- [MATERIAL SUPPLIED]
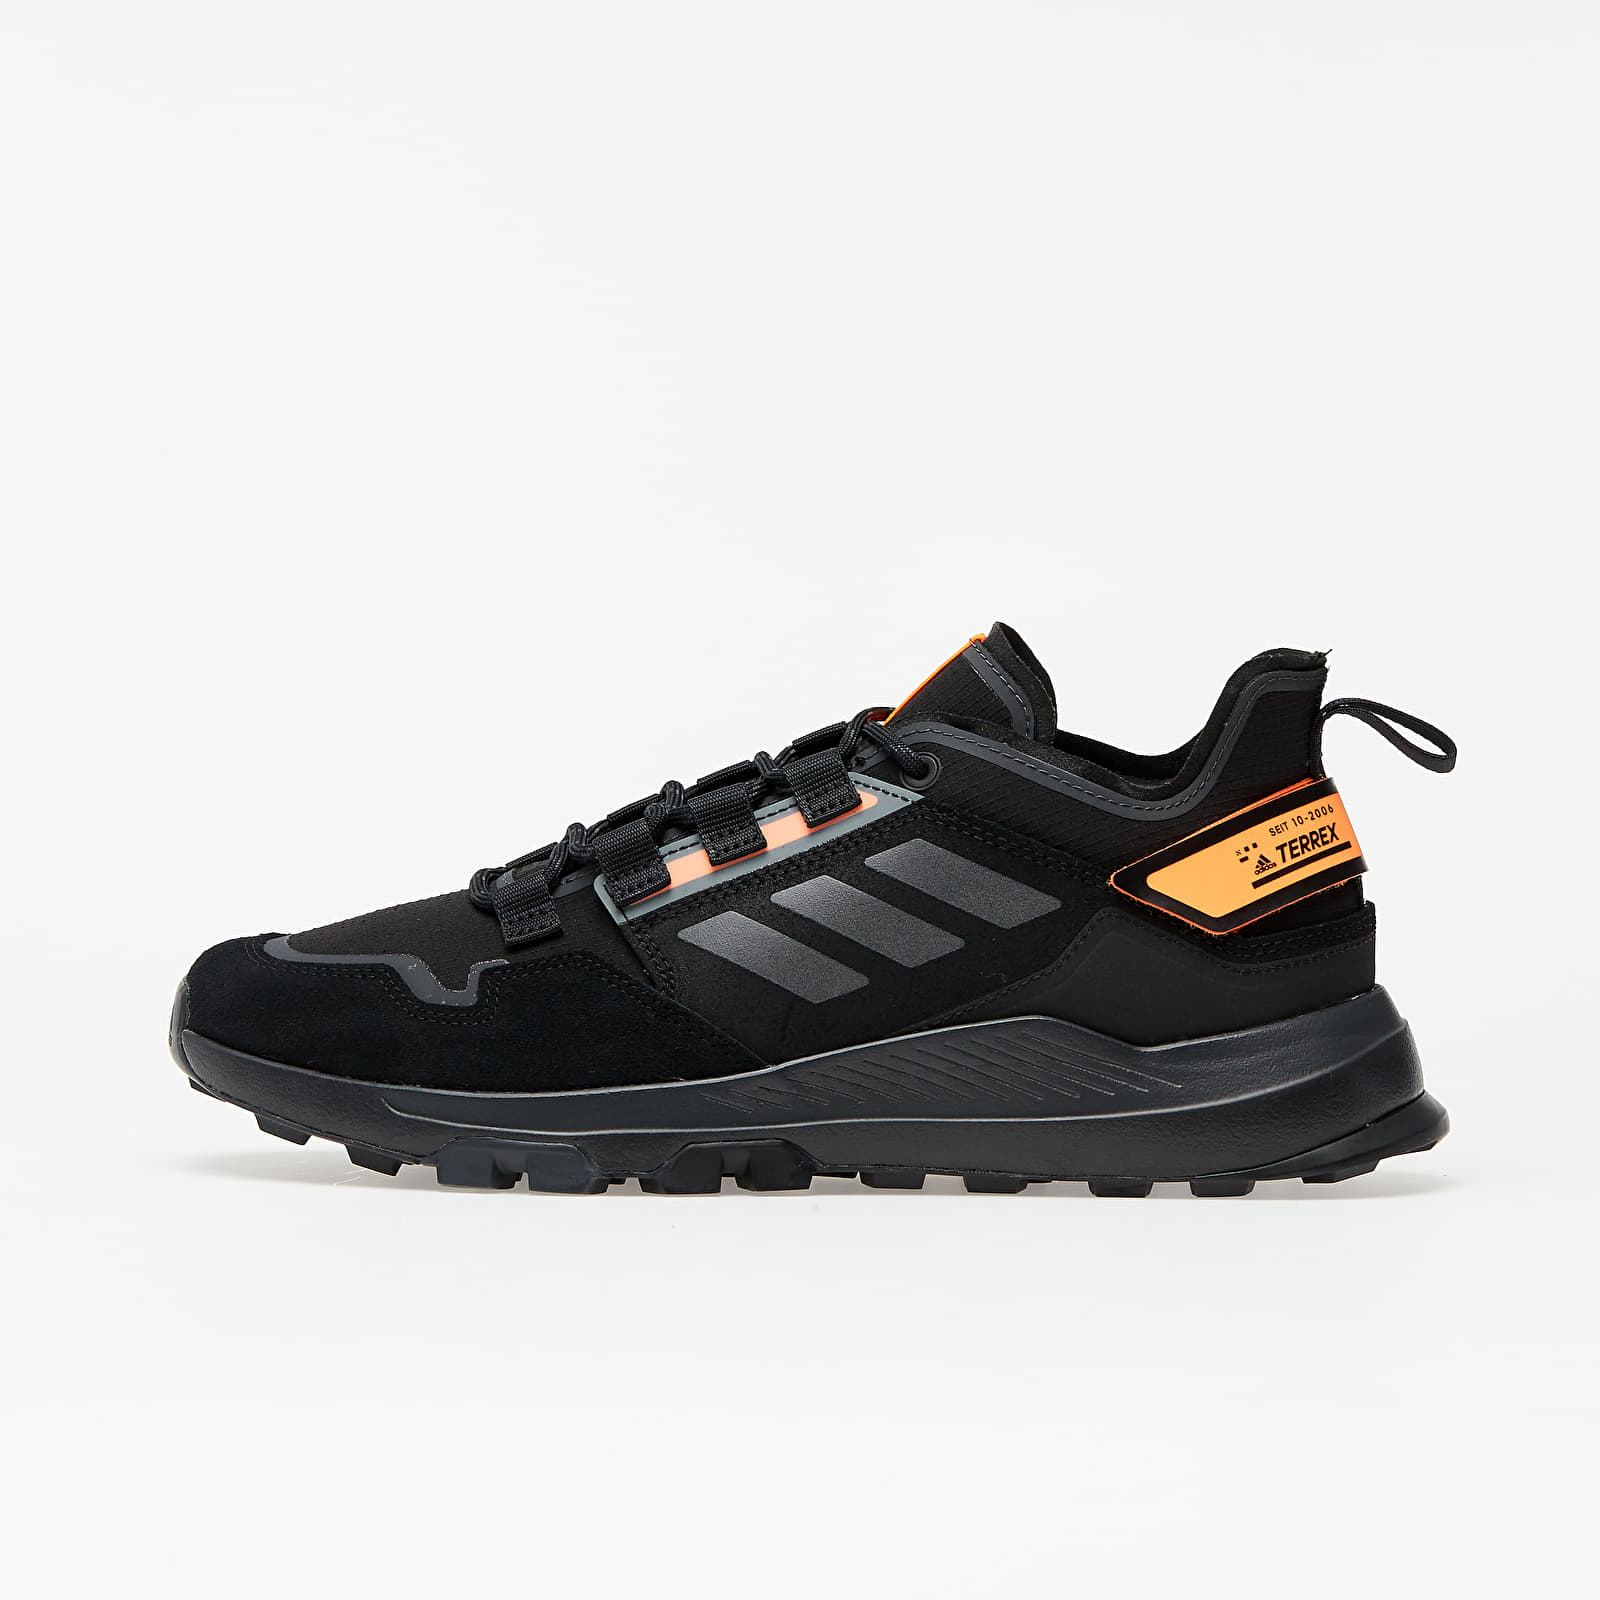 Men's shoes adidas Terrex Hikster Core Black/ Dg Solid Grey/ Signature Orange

* * *

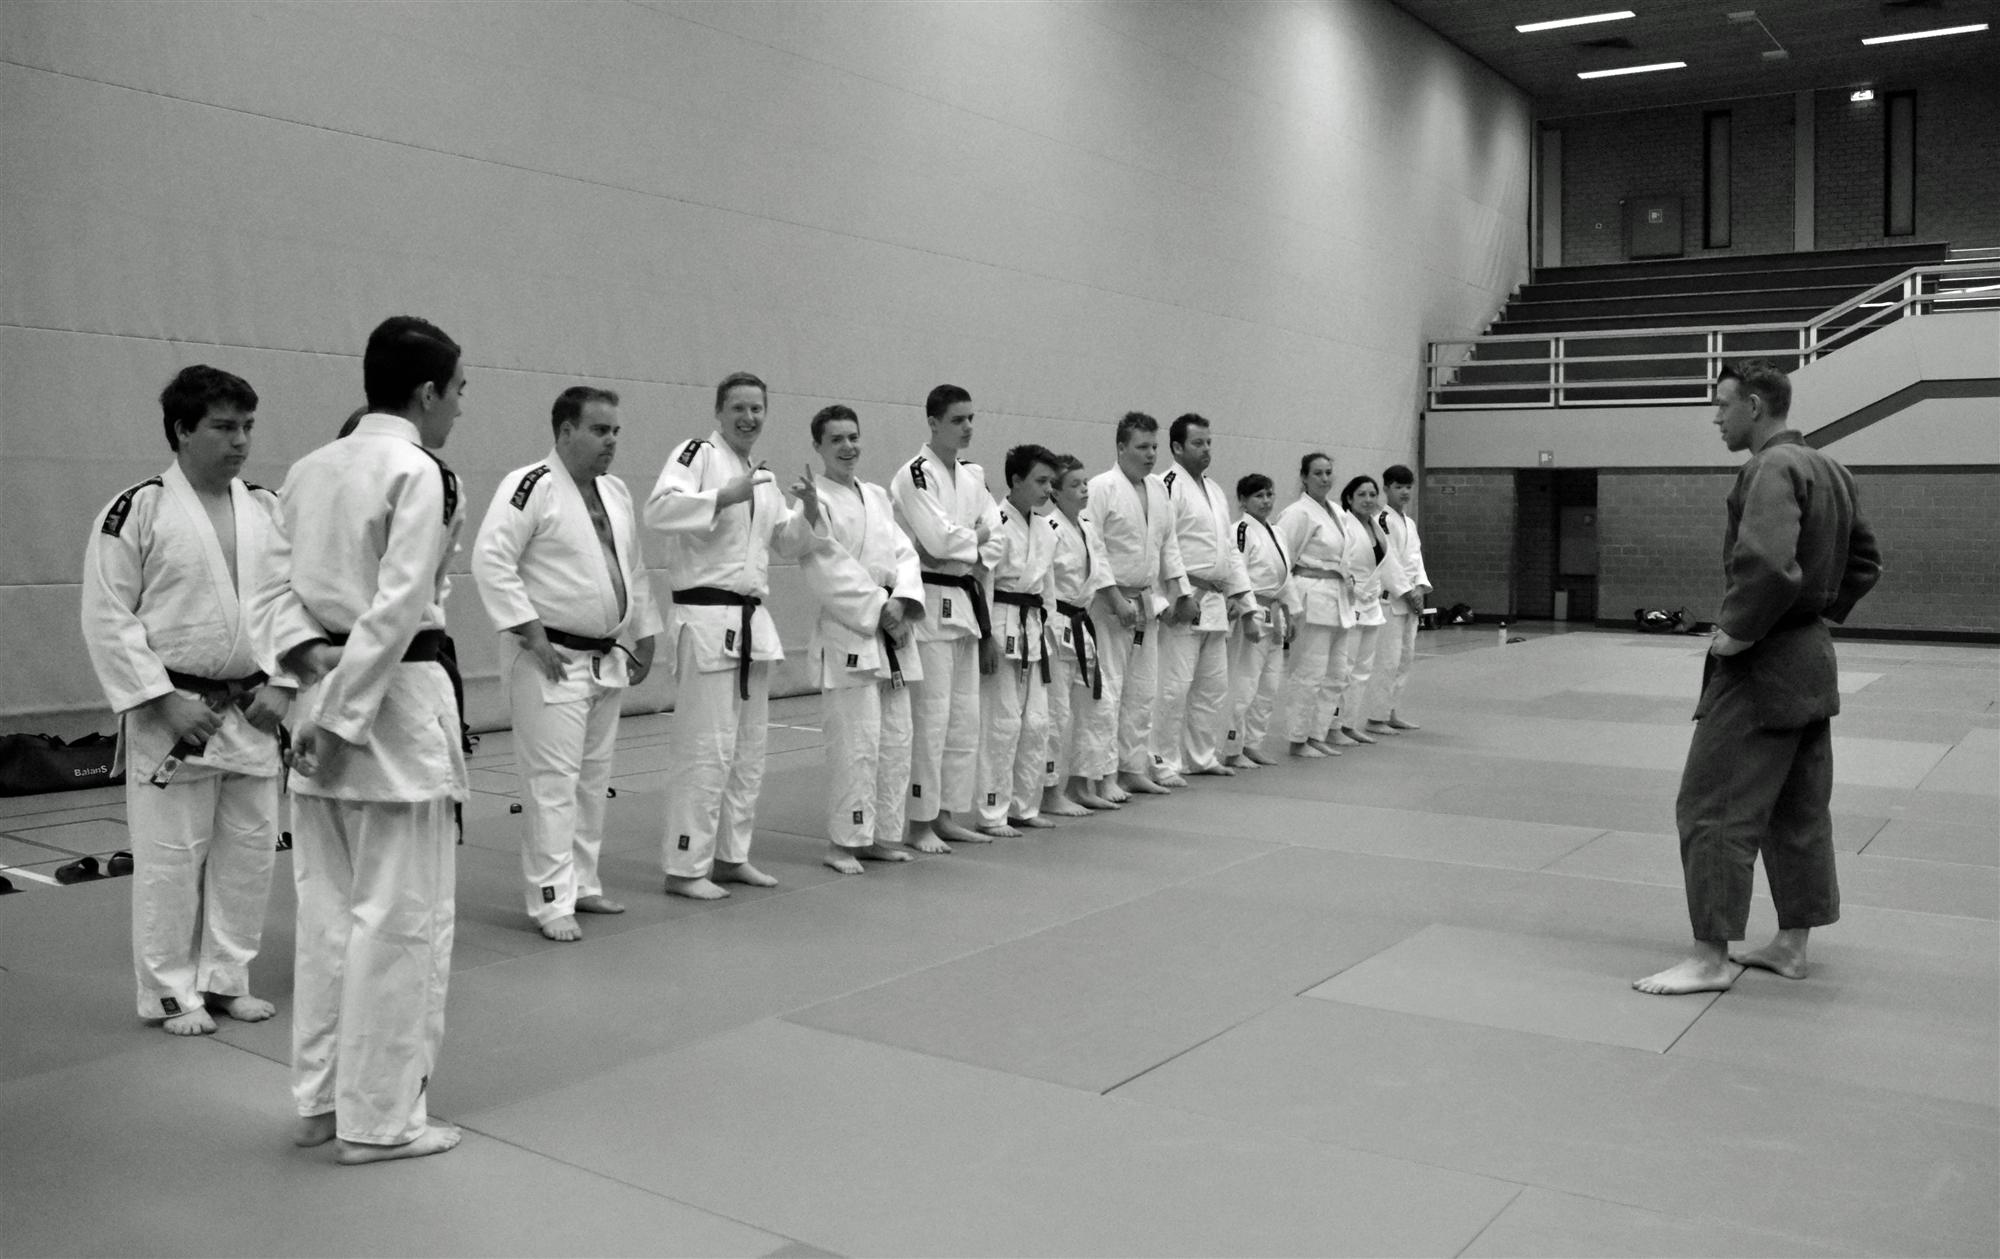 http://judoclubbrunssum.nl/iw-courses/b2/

...

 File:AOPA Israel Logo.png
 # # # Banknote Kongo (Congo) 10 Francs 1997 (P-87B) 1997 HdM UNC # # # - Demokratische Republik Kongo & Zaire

- [EXERCISE OBJECTIVE]
Starting with the line with "File:AOPA Israel Logo.png" above and going on through the line with "# # # Banknote", transcribe every line exactly, both ends included, and add nothing.

- [ANSWER TO THE EXERCISE]
 File:AOPA Israel Logo.png
 # # # Banknote Kongo (Congo) 10 Francs 1997 (P-87B) 1997 HdM UNC # # # - Demokratische Republik Kongo & Zaire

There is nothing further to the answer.